I agree that they started out as a ska band and never totally abandoned that style, but they did incorporate other styles into their music as well. For example, the review of Keep Moving that appeared in Rolling Stone acknowledged their debt to “the British art-pop song, as epitomized by the midperiod Kinks.”
“Israelites” is a ska song. One of the most famous, sure, but not reggae. It came out when ska was still transforming via rocksteady and lover’s rock into reggae, which still wasn’t quite developed and defined in 1968.
Not entirely sure what that period was, yet again I’m pretty adept at running bands (at least those as great as the Kinks) through my head, and a song that I had to play first as I know Ray does a certain patois voice in it is this:
If not Reggae or Ska, proto- one of the other?
Agreed, but it’s pretty close to the edge. There’s definitely some blurriness between the two genres.
All done in a ska style.
With all those horns? I’d still call it ska, maybe rocksteady.

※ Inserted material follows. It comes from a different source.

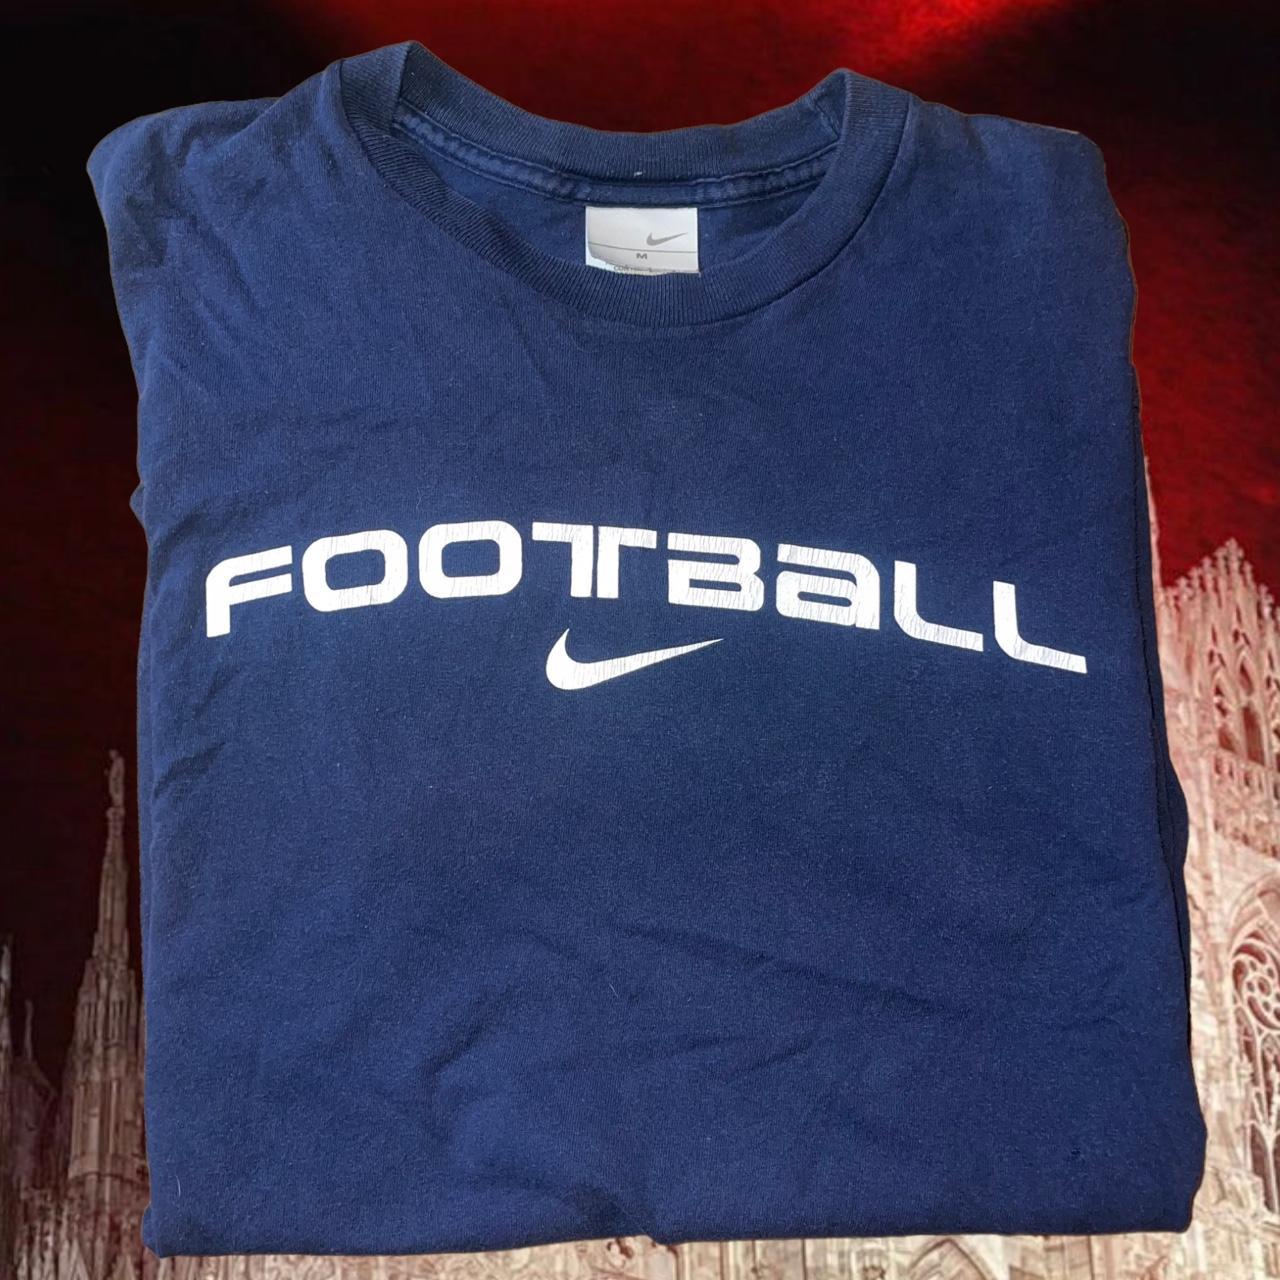 Vintage Nike Football Shirt Hella nice nice grail... - Depop

Sure - they were pop, and new wave.
Oh sure there is, and not being good in music theory, I’d have a heard time explaining the difference between ska and reggae (and rocksteady and lover’s rock, for that matter). But I can hear the differences.
If you go to spotify and search for bozobrain (my Spotify handle), I have a pretty good ska playlist put together.
Of course the posthumous Bob Marley compilation “Legend” really is a legend, and deservedly so, but many people complained at the time that it had too many love songs and not enough protest songs. So his estate/label (I don’t really know who finally was responsible) decided to release “Rebel Music” two years later, which paled in comparison in record sales, but was just as strong a compilation, only consisting of political songs.
Nip it!
I always assumed the Sheriff shot the deputy and tried to frame the narrator.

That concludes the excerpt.